=== The task ===
Everything from the line containing "Huawei запустил фотоконкурс" through the last line of the listing below should be returned exactly, except for pictures.
─── Dataset excerpt
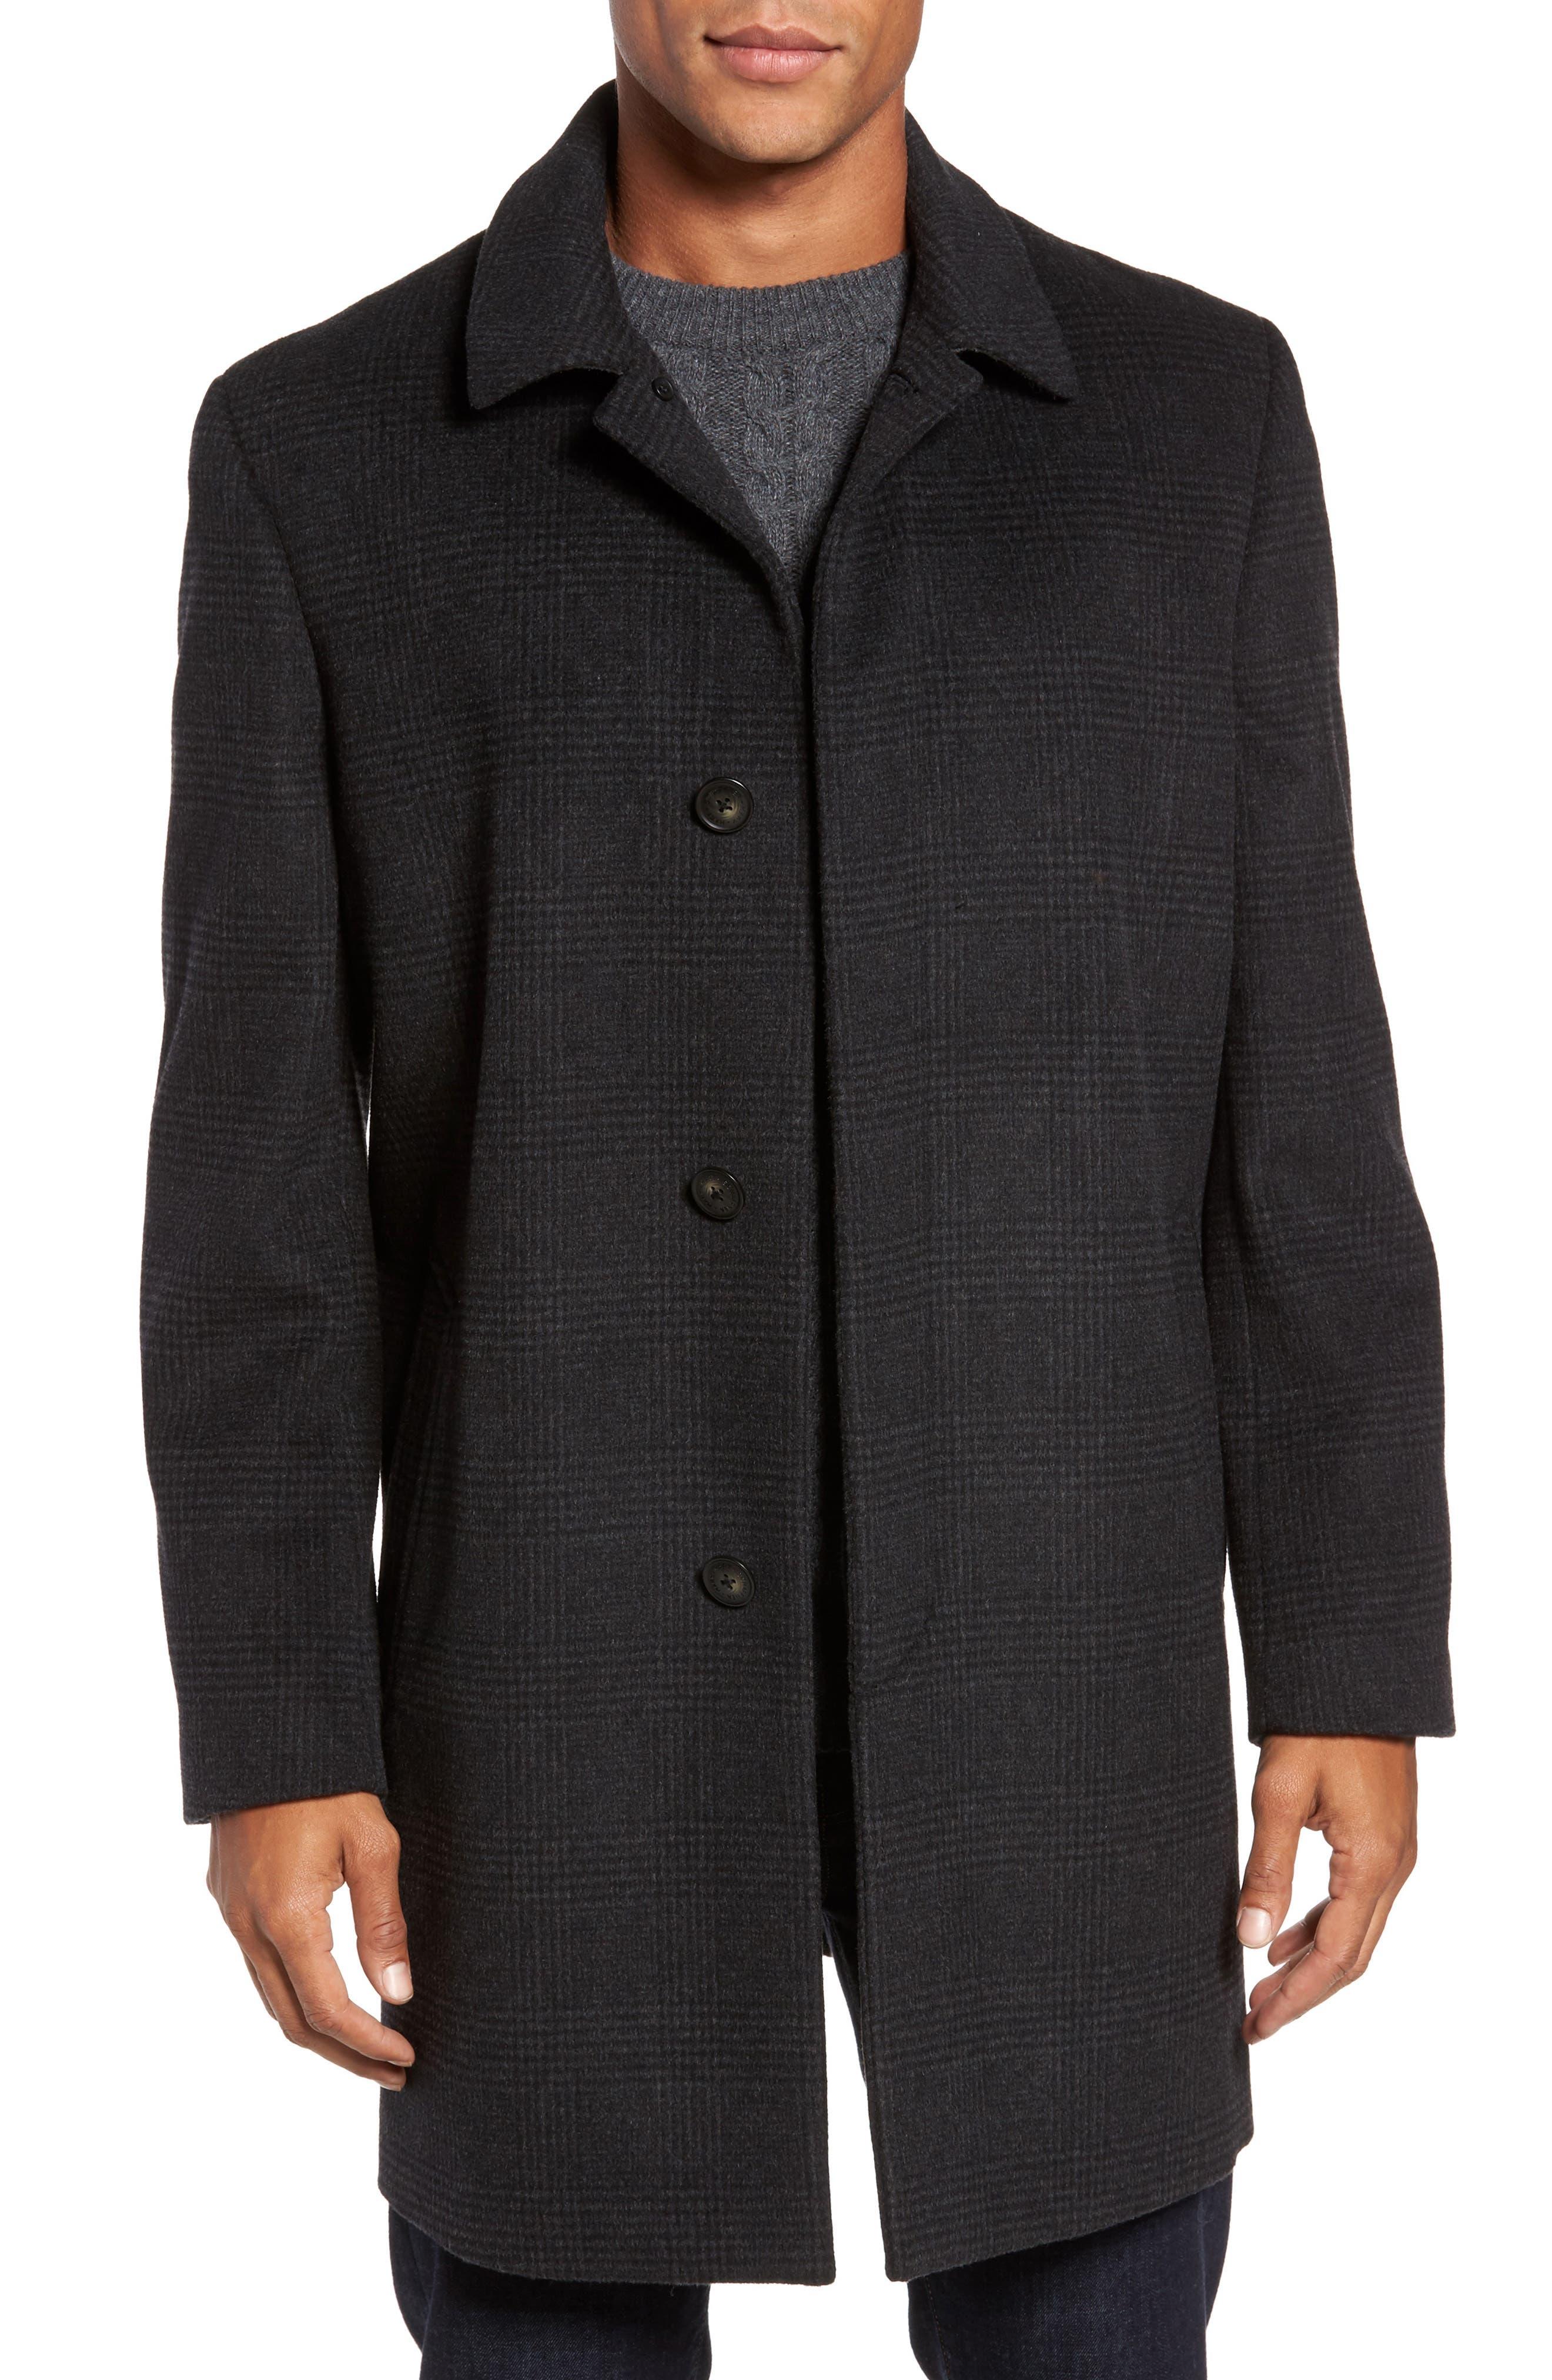 Turner Plaid Wool Blend Topcoat,                             Main thumbnail 1, color,                             Dark Charcoal
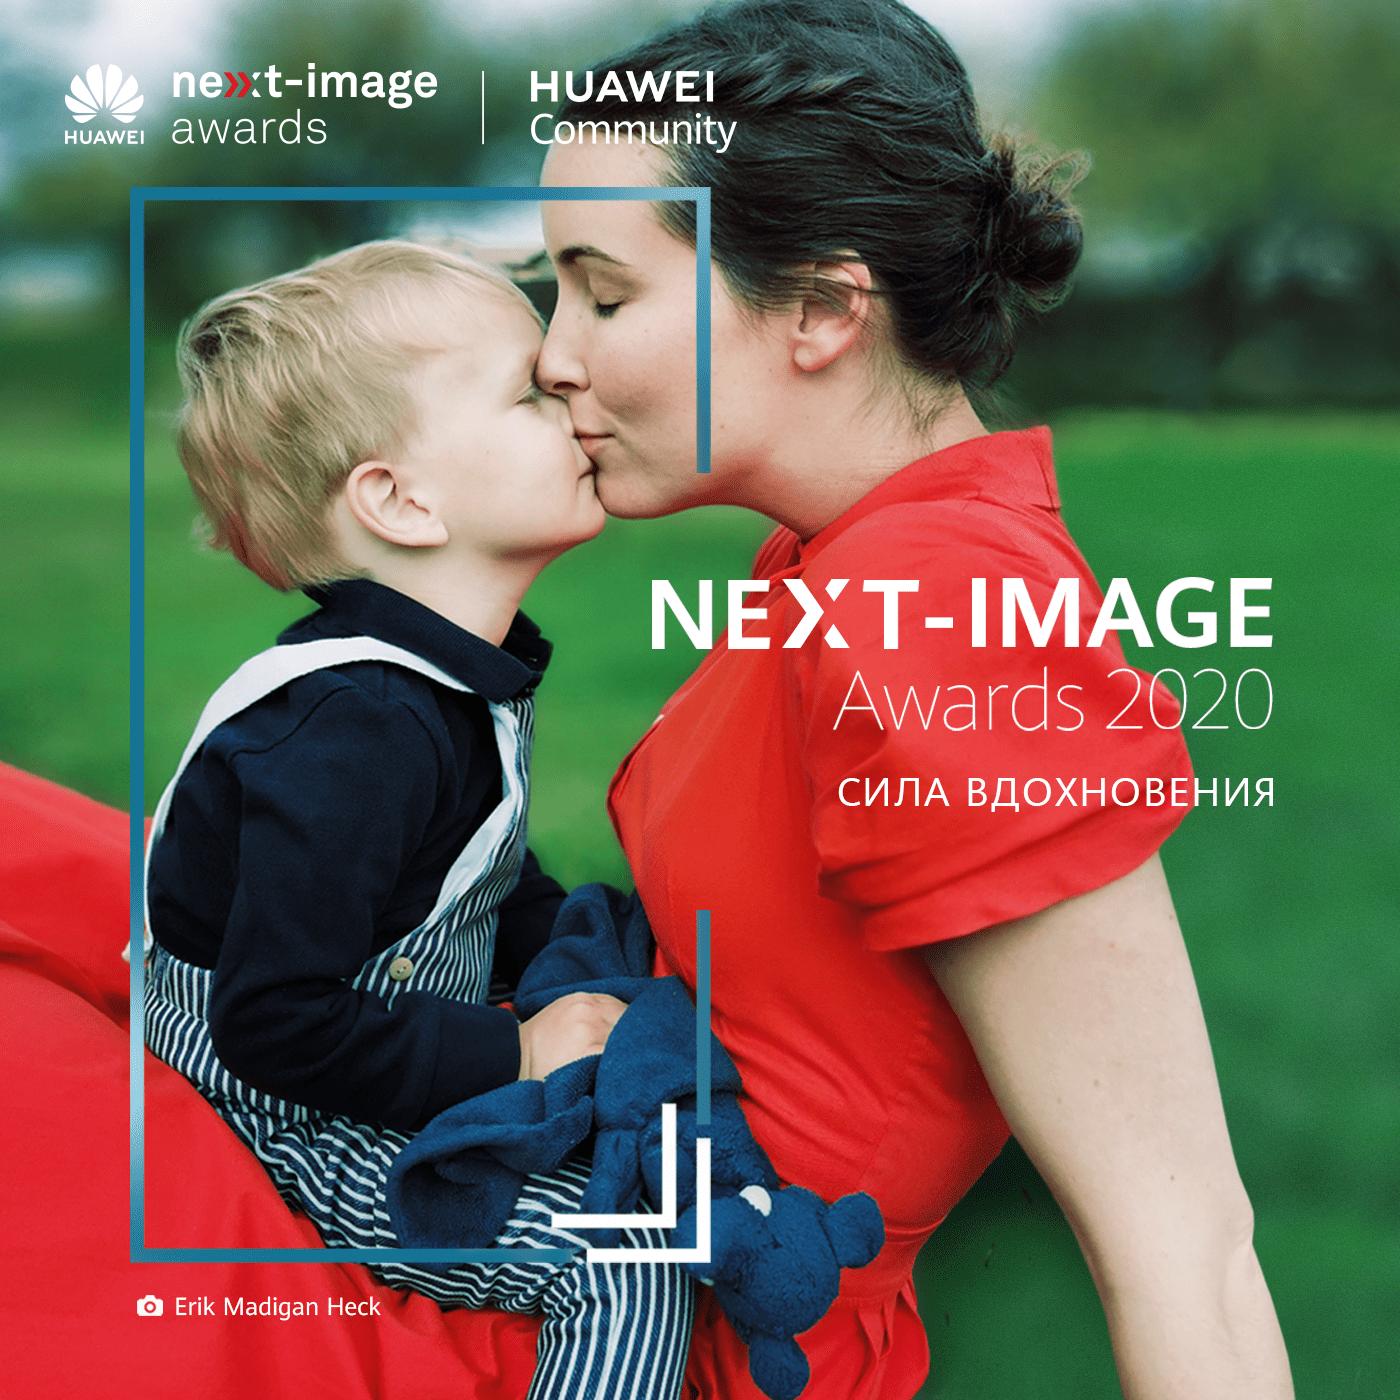 Huawei запустил фотоконкурс NEXT-IMAGE 2020 (next image)
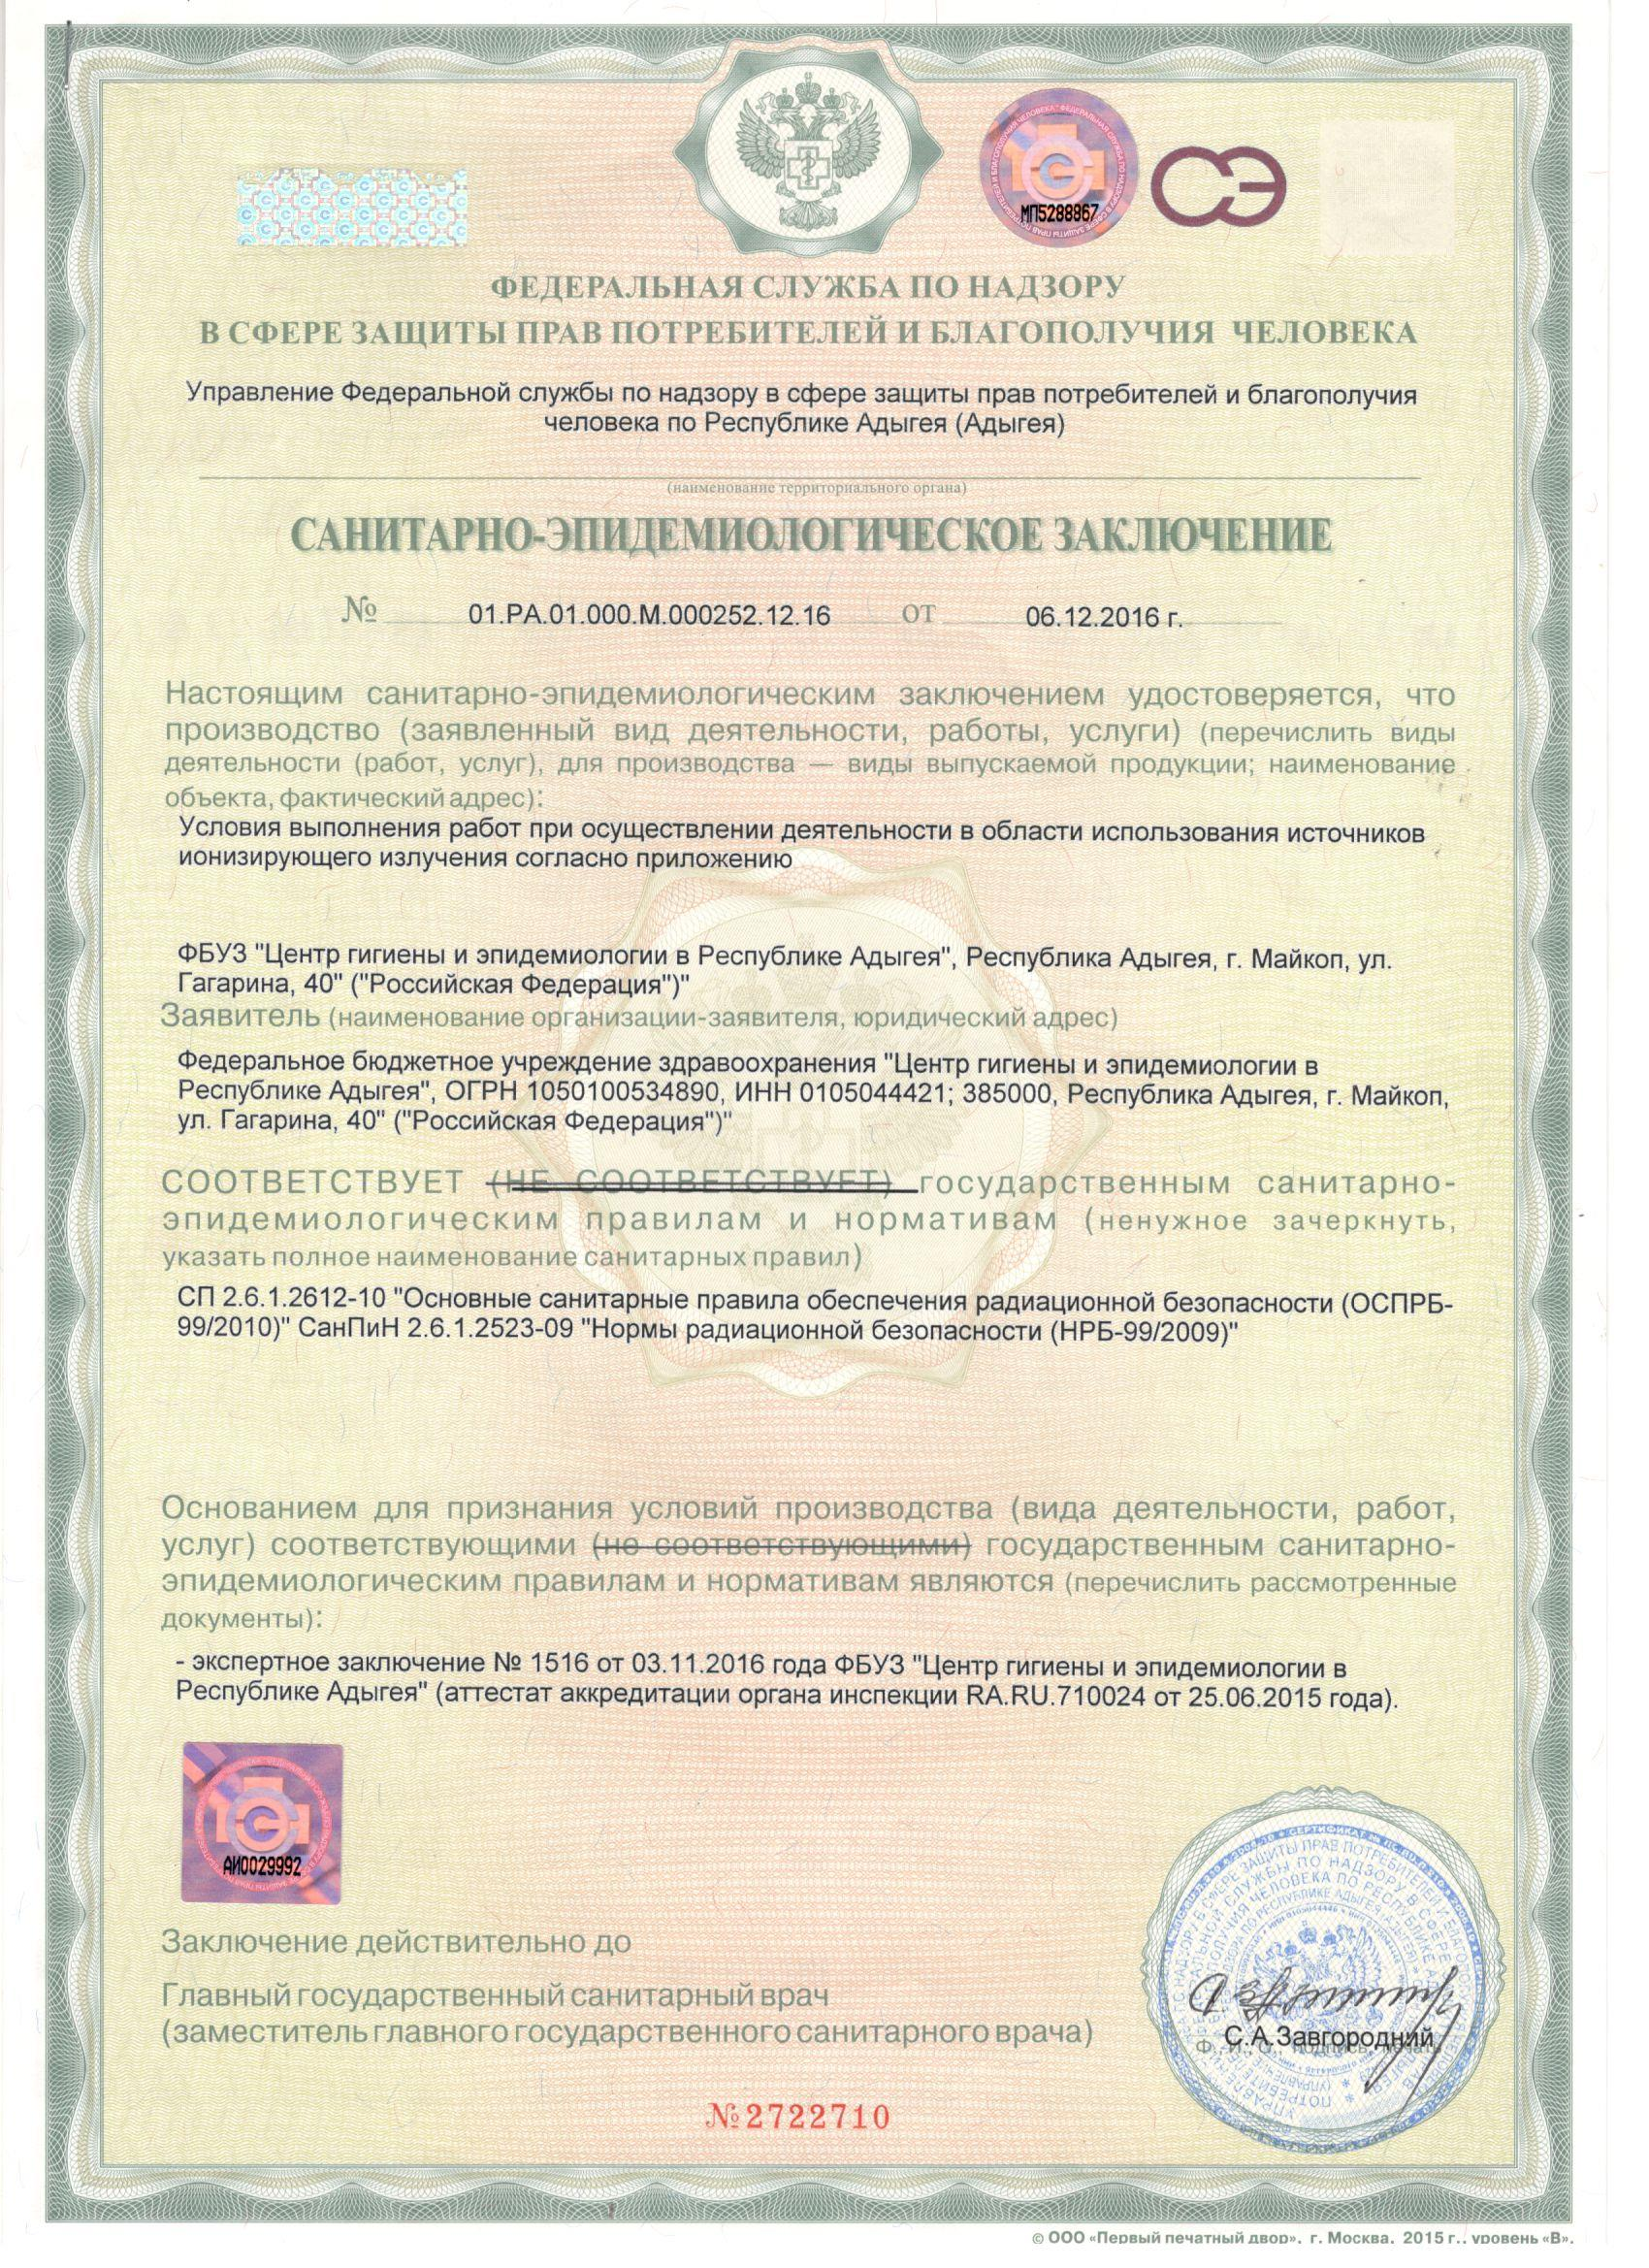 http://fbuz01.rospotrebnadzor.ru/s/218/storage/004_9716.jpg
──────
=== Answer below ===
 Huawei запустил фотоконкурс NEXT-IMAGE 2020 (next image)
 http://fbuz01.rospotrebnadzor.ru/s/218/storage/004_9716.jpg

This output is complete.